Das Kernkraftwerk Kaliningrad (russisch Калининградская АЭС anhörenBeschreibungsseite der Audiodatei mit Lizenzangaben), auch als Baltisches Kernkraftwerk bezeichnet (russisch Балтийская АЭС anhörenBeschreibungsseite der Audiodatei mit Lizenzangaben, kurz БтАЭС) soll nahe der russischen Stadt Neman entstehen. Die nahe Tuschino gelegene Anlage ist das erste Kernkraftwerk der Oblast Kaliningrad und das zweite im baltischen Raum. Es soll zukünftig mit dem Kernkraftwerk Visaginas in Litauen konkurrieren.

Geschichte

Im Jahre 1973 gab es Überlegungen, von der damaligen Kraftwerk Union AG in der Sowjetunion ein Kernkraftwerk in Kaliningrad zu errichten, aus dem die Sowjetunion Elektrizität nach Deutschland verkaufen könnte. Breschnew selbst schlug dieses Angebot bei einem Besuch in Bonn Bundeskanzler Brandt vor. Es sollte eines der größten Kernkraftwerke in der Sowjetunion werden, das jemals errichtet wurde. Seitens der deutschen Industrien gab es heftigen Widerstand gegen die Anlage, da man davon ausging, dass die Sowjetunion die deutsche Kerntechnik und das Wissen für ihre eigenen Zwecke und Entwicklungen missbrauchen könnte. Die Befürworter des Projekts wiesen auf die wirtschaftlichen Vorteile des Projekts hin, und das Deutschland selbst nur zu etwa zu drei Prozent von der Anlage abhängig wäre. Das Problem an dem Projekt lag jedoch in West-Berlin.[1]

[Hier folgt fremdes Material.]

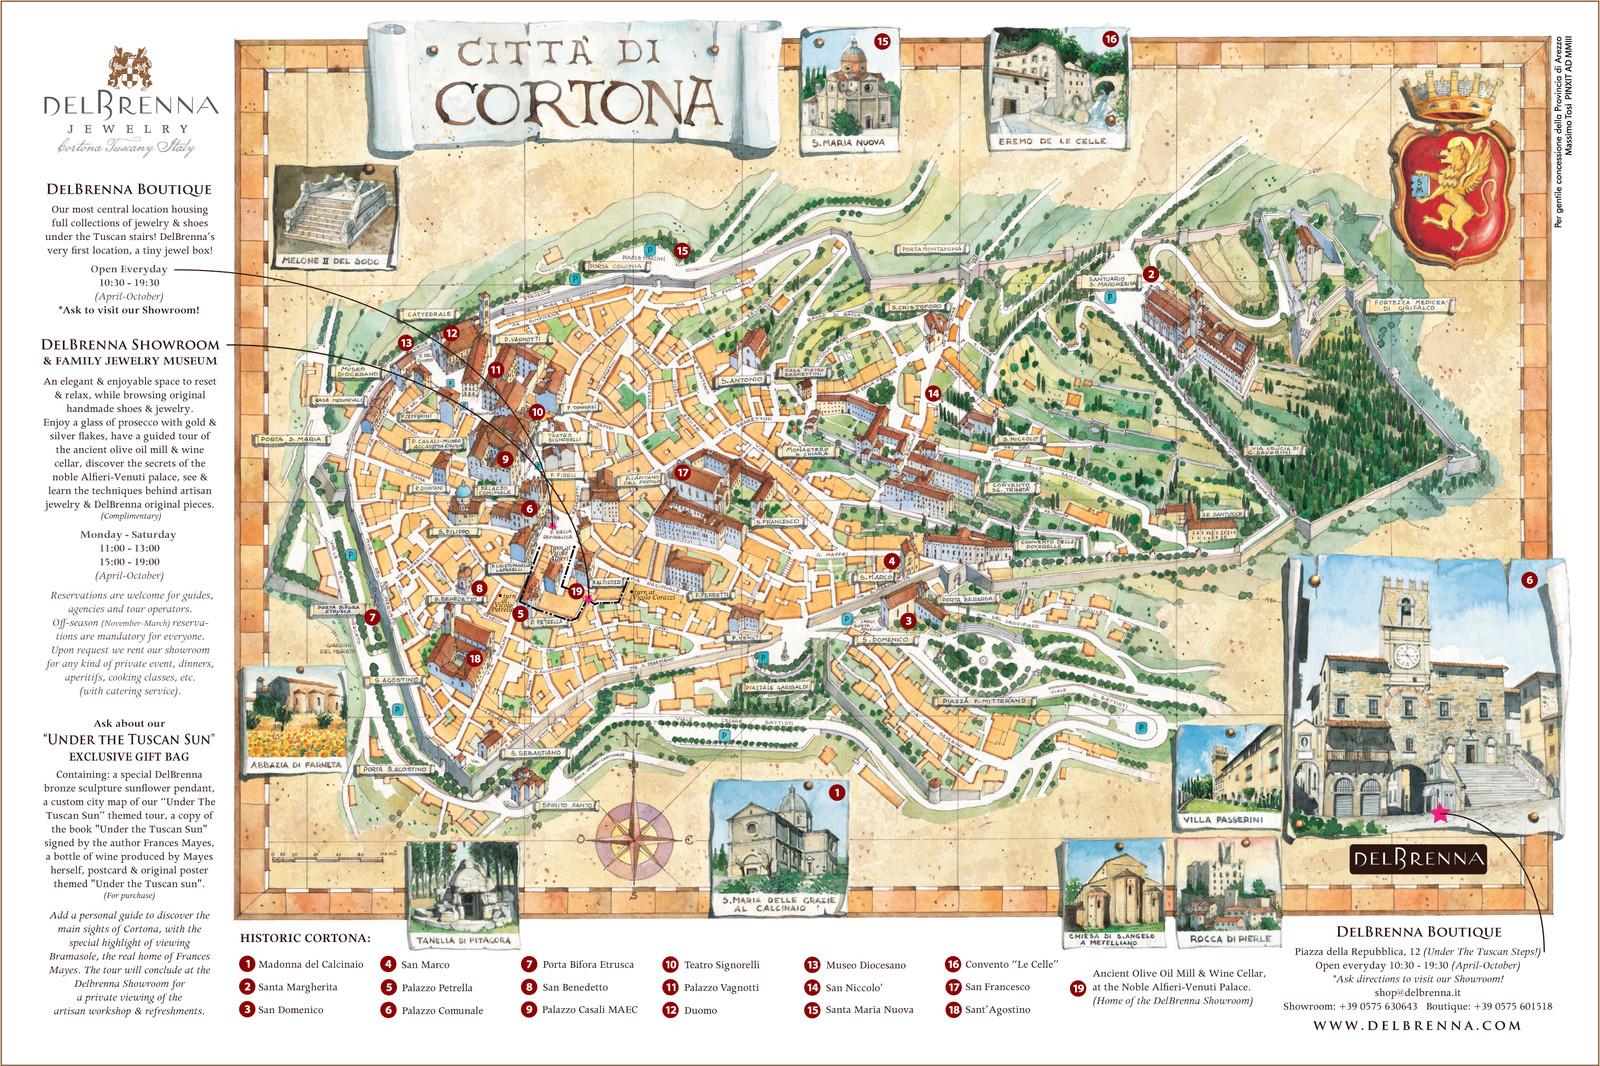 Exclusive Cortona Map| Cortona | DelBrenna Jewelry
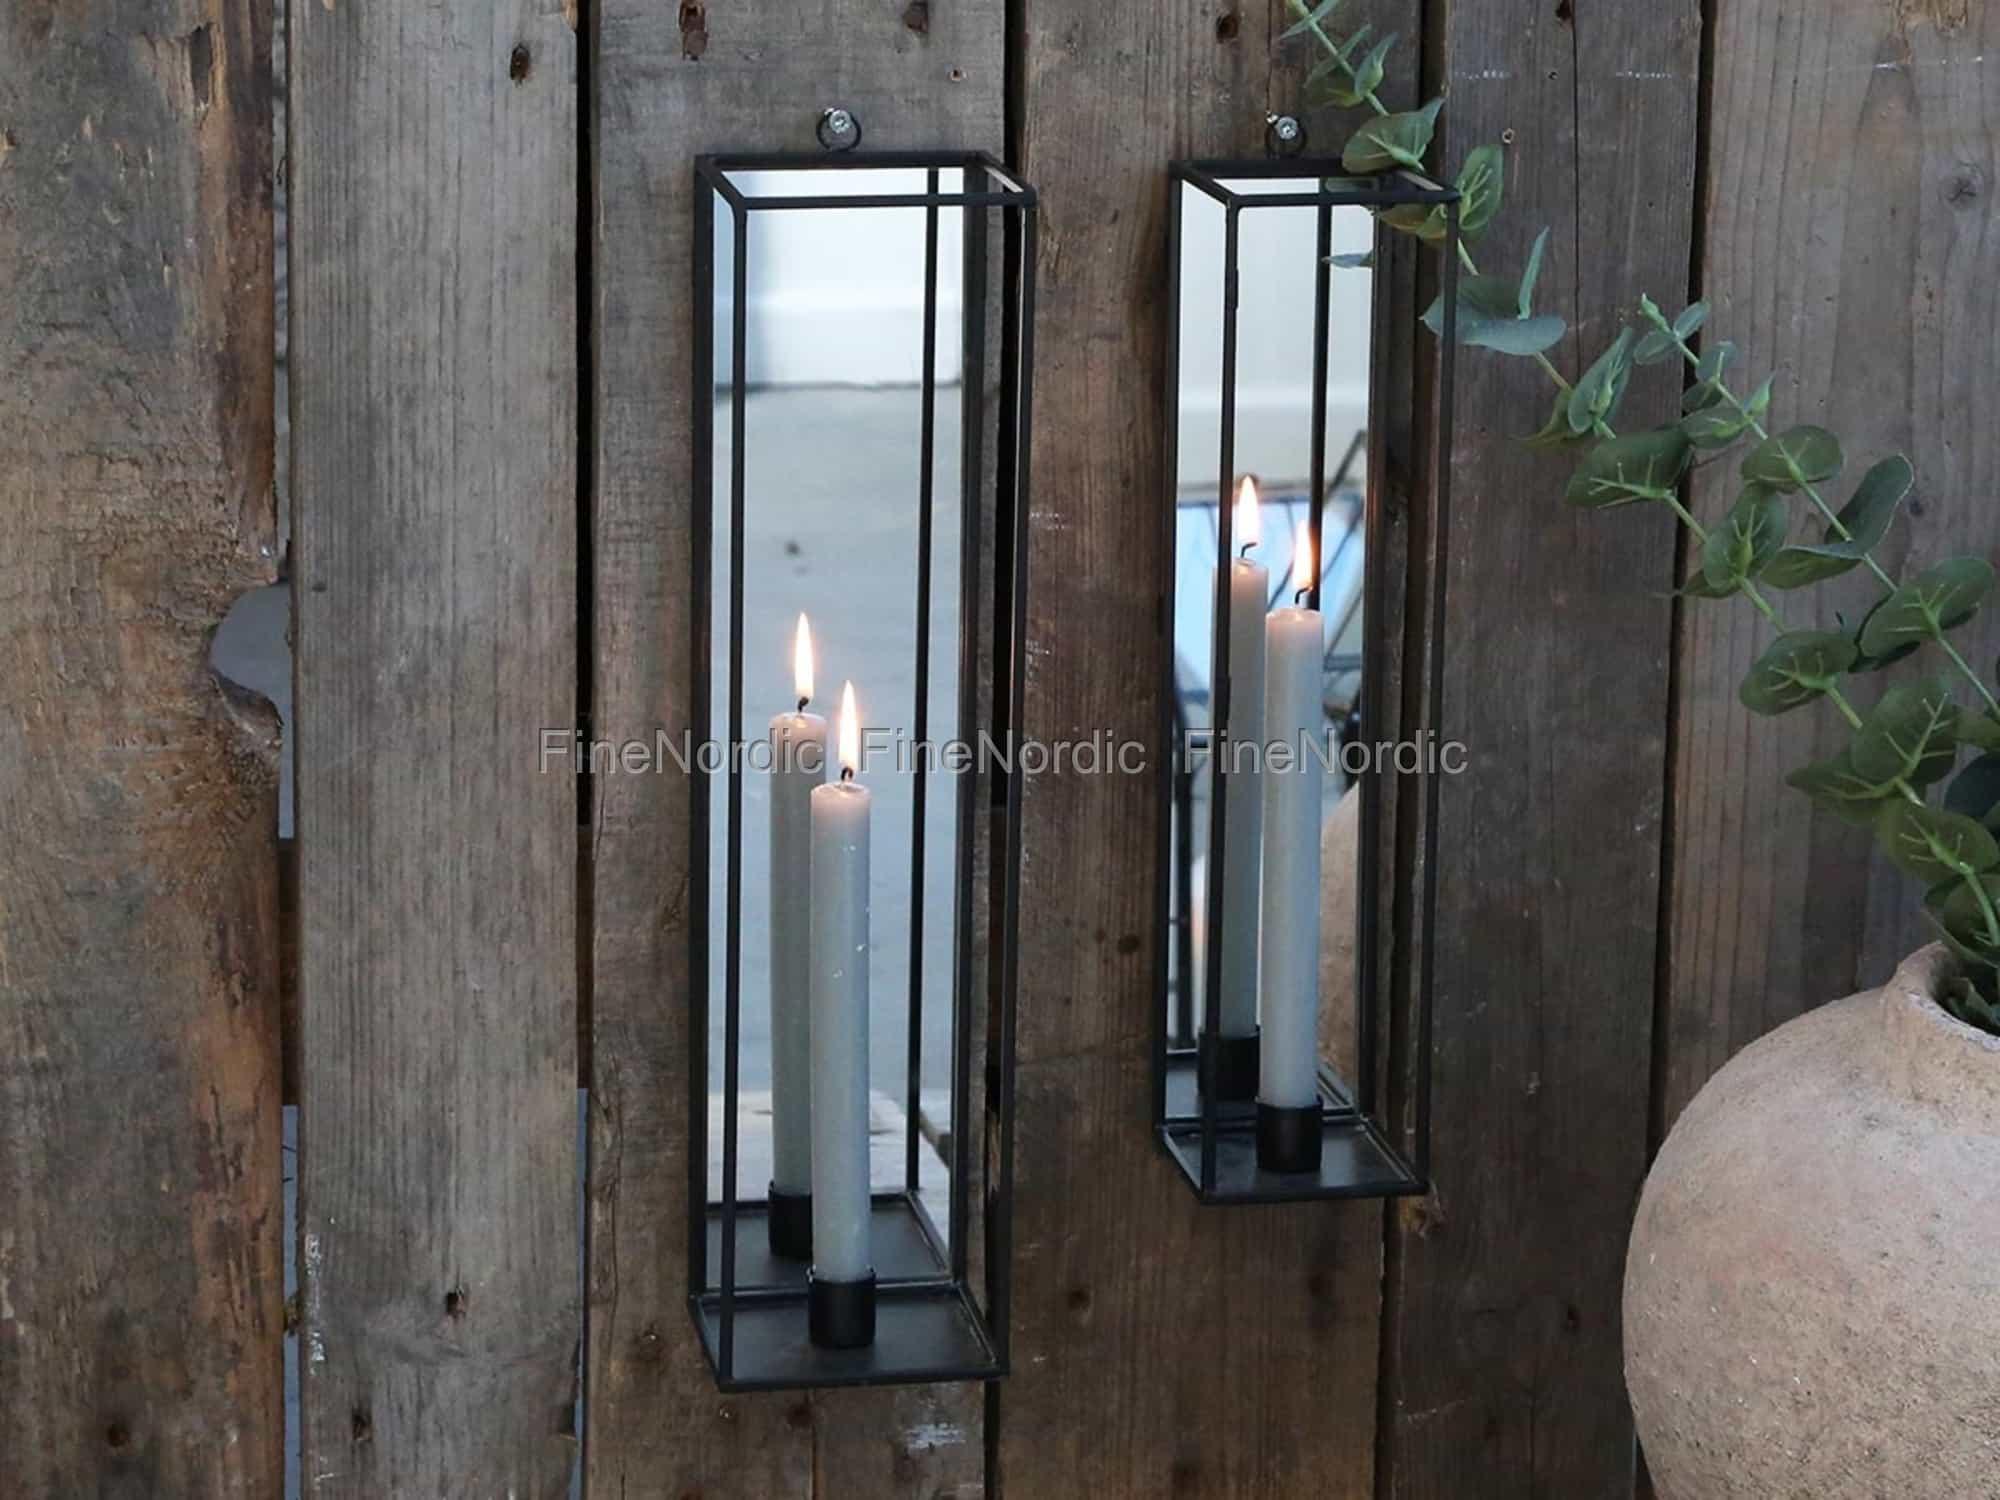 chic antique kerzenhalter f r wand mit spiegel antique kohle klein. Black Bedroom Furniture Sets. Home Design Ideas

Die Grundidee des Projekts lag darin, West-Berlin mit Elektrizität zu versorgen, da der westliche Stadtteil keine Verbindung zum Stromnetz der Bundesrepublik Deutschland hatte. Aufgrund dessen gabt es in West-Berlin eigene Kohlekraftwerke, deren Versorgung mit Kohle allerdings problematisch war. Da die Industrie in West-Berlin einen stetig steigenden Energiebedarf hatte, wollte man durch das Kernkraftwerk in Kaliningrad diesen Bedarf decken, ohne neue Kohlekraftwerke in West-Berlin errichten zu müssen. Allerdings würde die Leitung vom Kernkraftwerk nach West-Berlin durch Polen und die DDR verlaufen. Aufgrund dessen gab es mit Breschnew ein Gespräch in Ost-Berlin, bei dem beide Länder ihr Einverständnis gaben diese Leitung zu errichten. Um Manipulationen dieser Länder an der Leitung zu verhindern, sollte die Leitung alleine der Sowjetunion gehören.[2]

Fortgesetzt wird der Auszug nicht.